PHARMERICA CHICAGO, INC. v. Meisels
772 F. Supp. 2d 938
N.D. Ill.2011Background
- PharMerica supplied pharmaceuticals to West Suburban, later litigated over unpaid goods and services in 2007 and 2008 lawsuits.
- In 2006, a Facility Transfer shifted operations to West Suburban, owned by Filippo, with Bloomingdale Terrace Realty leasing the real estate.
- West Suburban became insolvent by 2007, and PharMerica obtained a $249,373.16 default judgment in 2008 but cannot collect due to West Suburban's insolvency.
- Plaintiff alleges a scheme by Meisels, Filippo, and related entities to siphon assets via sham transfers and inflated rents, with Meisels purportedly the real party in interest.
- PharMerica asserts fraud, breach of fiduciary duty, conspiracy, inducement of fiduciary breach, fraudulent transfer, unjust enrichment, and tortious interference with contract arising from these transactions.
- Settlement in the 2007 Lawsuit allegedly included representations that the 2007 Defendants were unrelated to West Suburban, which PharMerica contends were fraudulent and induced the settlement.
Issues
| Issue | Plaintiff's Argument | Defendant's Argument | Held |
|---|---|---|---|
| Whether the fraud claims meet Rule 9(b) and survive Rule 12(b)(6) | PharMerica contends fraud allegations are stated with particularity. | Defendants contend claims are not pleaded with sufficient specificity. | Yes; fraud claims are pled with particularity and survive dismissal. |
| Whether the Settlement Agreement bars the fraud claims | Nonreliance and integration clauses do not bar claims given misrepresentations central to the Settlement. | The settlement clause forecloses extrinsic evidence and reliance on pre-existing representations. | Not barred; parol evidence and nonreliance clauses do not defeat fraud claims where misrepresentations are part of the agreement itself. |
| Whether the 2007 Lawsuit history requires the current claims to fail as pleading 'self-contradicted' | The instant fraud theory differs from 2007 Lawsuit allegations; not plead out of court. | Similarities show PharMerica plead itself out of court by alleging a sham scheme earlier. | Not plead out; The current allegations differ in structure and timing. |
| Whether Counts II–VII survive the pleadings | Counts II–VII are viable with adequately pleaded facts and theories of liability. | Some counts lack adequate pleading or involve nonparties. | Counts II, IV, V, VI, VII largely survive; Count III partially dismissed (Bloomingdale Pavilion and Meisels Family LP), others remain. |
| Whether Rule 9(b) applies to all counts and whether the pleading satisfies heightened standards | Rule 9(b) applies where fraud is alleged, including related claims. | 9(b) requirements are not satisfied for some counts or allegations. | Rule 9(b) applies to all counts sounding in fraud; the complaint meets the heightened pleading standard. |
Key Cases Cited
- Ashcroft v. Iqbal, 129 S.Ct. 1937 (U.S. 2009) (plausibility standard for stating a claim)

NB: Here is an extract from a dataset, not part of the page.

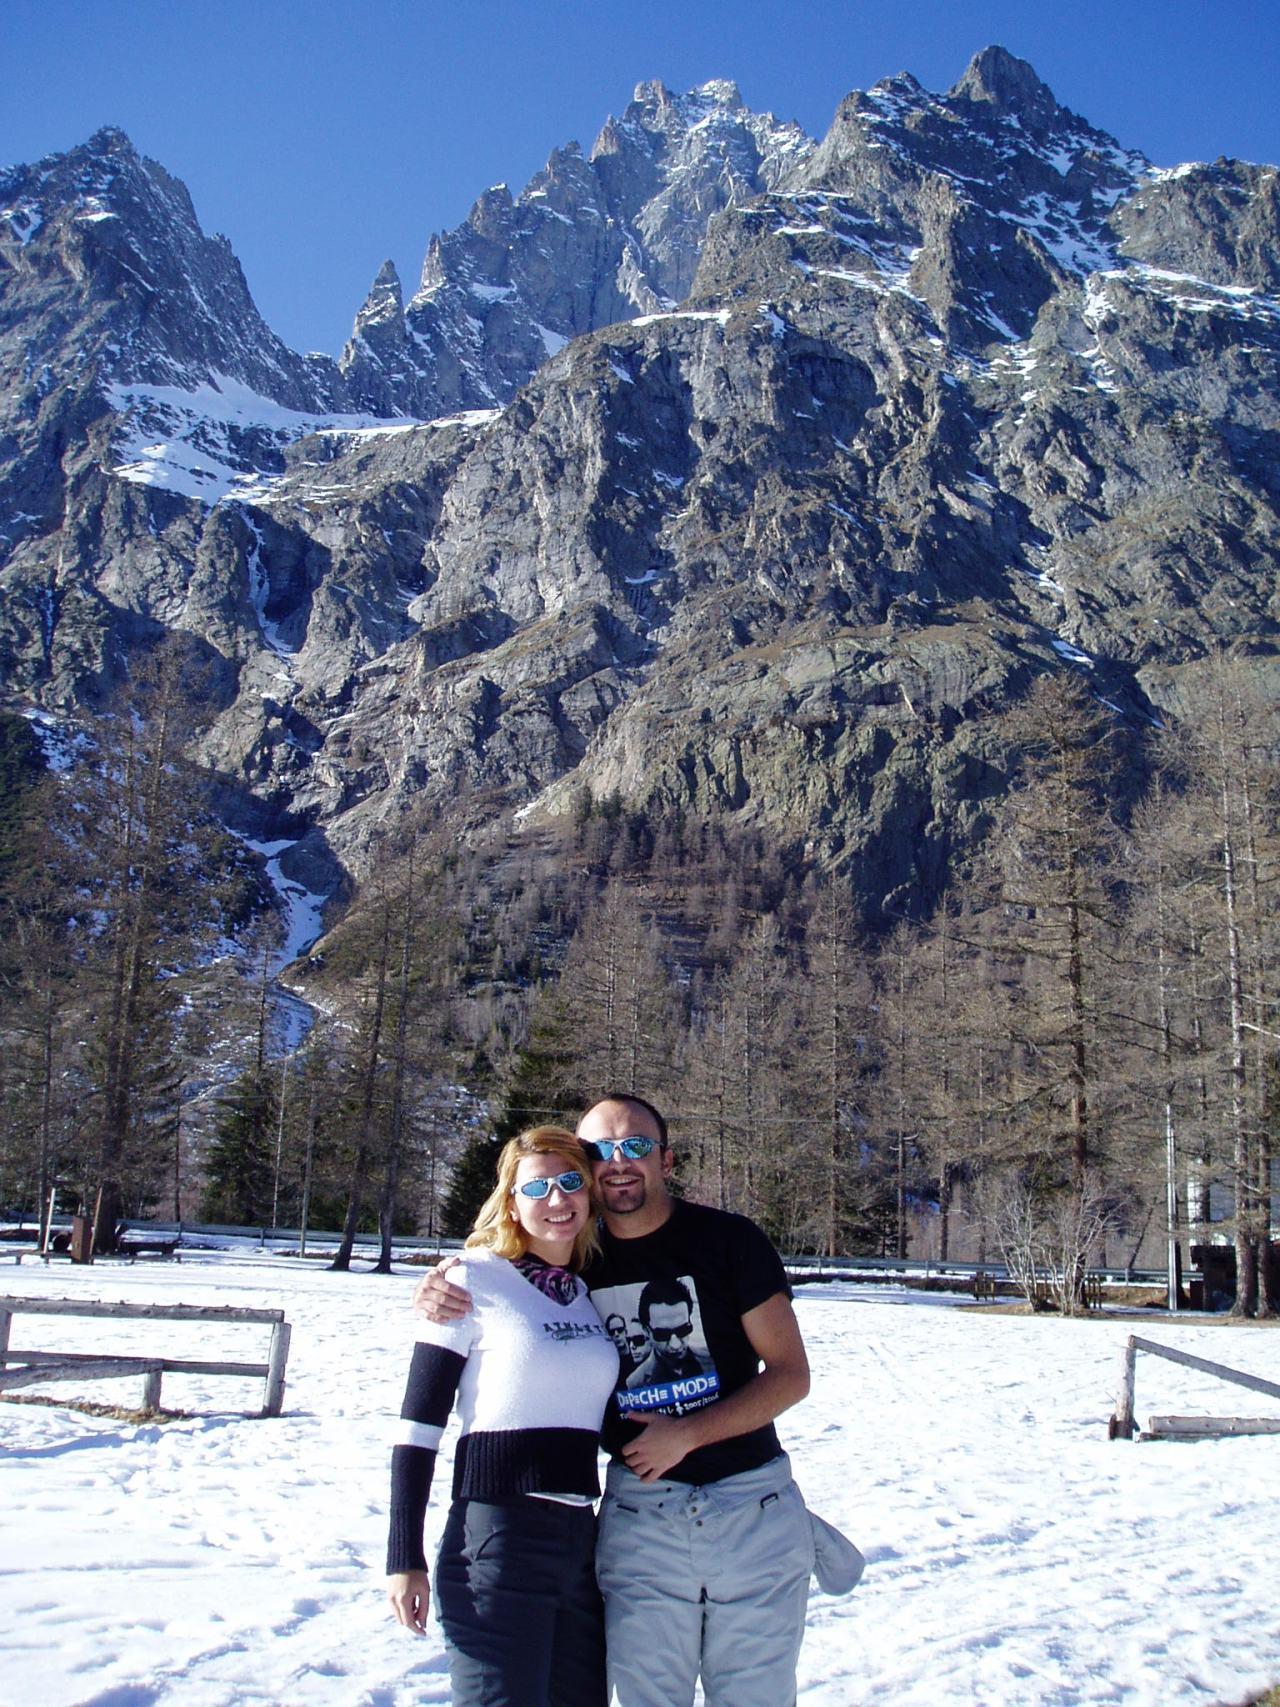 Best ski resorts in Europe: Courmayeur
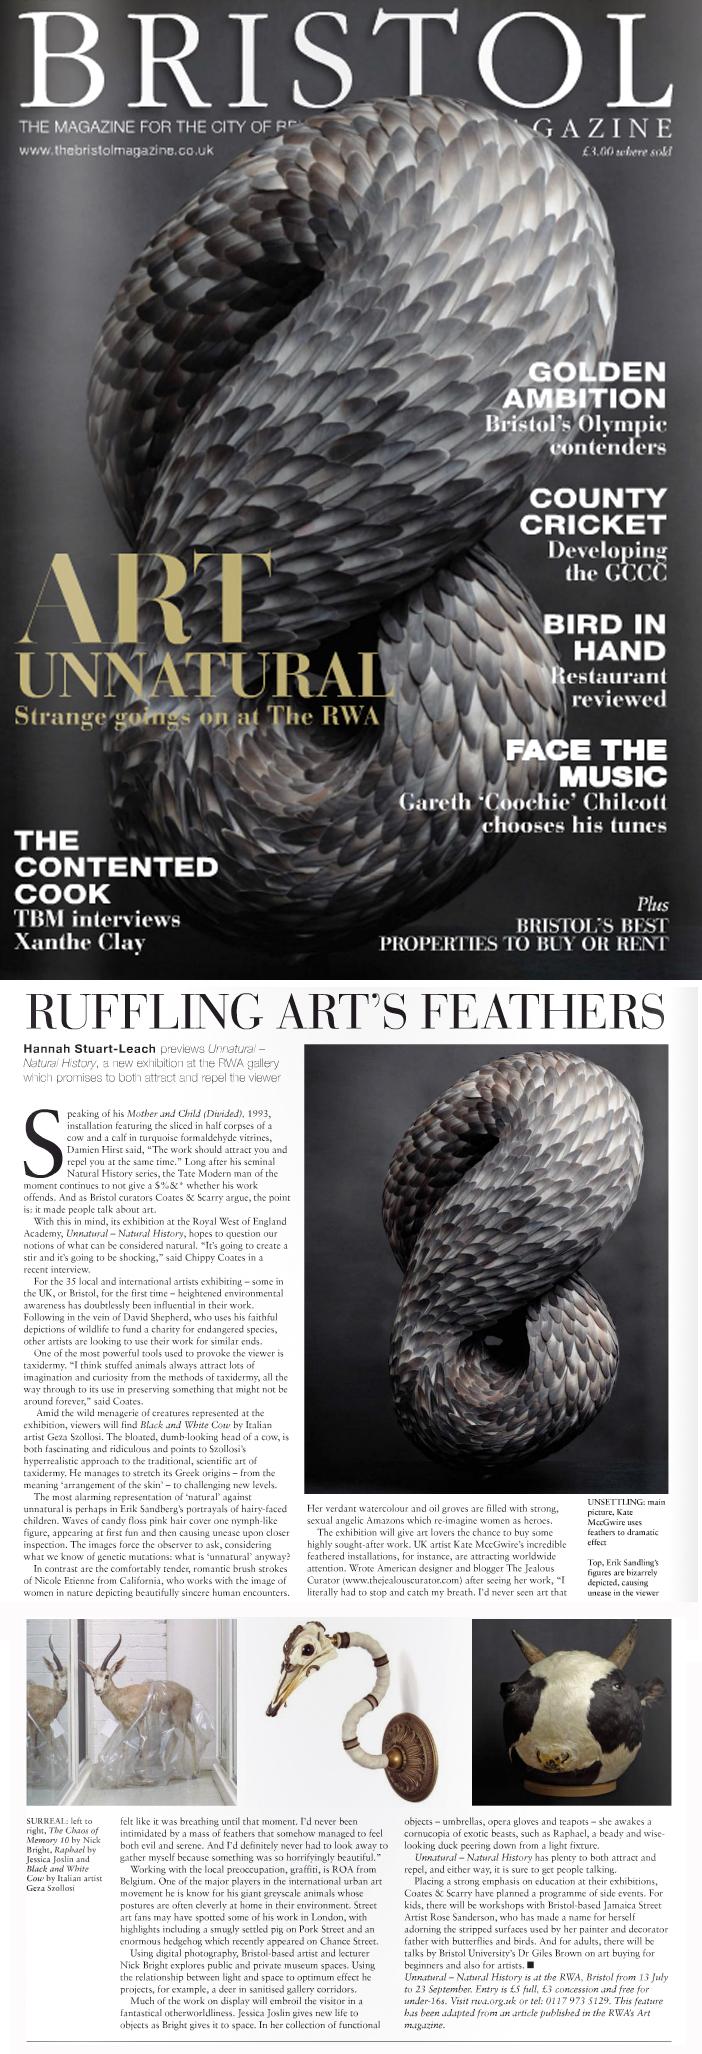 Bristol Magazine, 2012 - Kate MccGwire

- Bell Atlantic Corp. v. Twombly, 550 U.S. 544 (U.S. 2007) (plausibility standard; facts must support a plausible claim)
- Tamayo v. Blagojevich, 526 F.3d 1074 (7th Cir. 2008) (pleading fraud and imputation of knowledge in Seventh Circuit)
- Vigortone AG Prods., Inc. v. PM AG Prods., Inc., 316 F.3d 641 (7th Cir. 2002) (integration clause does not bar fraud claims)
- Tierney v. Vahle, 304 F.3d 734 (7th Cir. 2002) (documents referenced in complaint may be considered if central)
- Henson v. CSC Credit Svcs., 29 F.3d 280 (7th Cir. 1994) (judicial notice of public records allowed in motion to dismiss)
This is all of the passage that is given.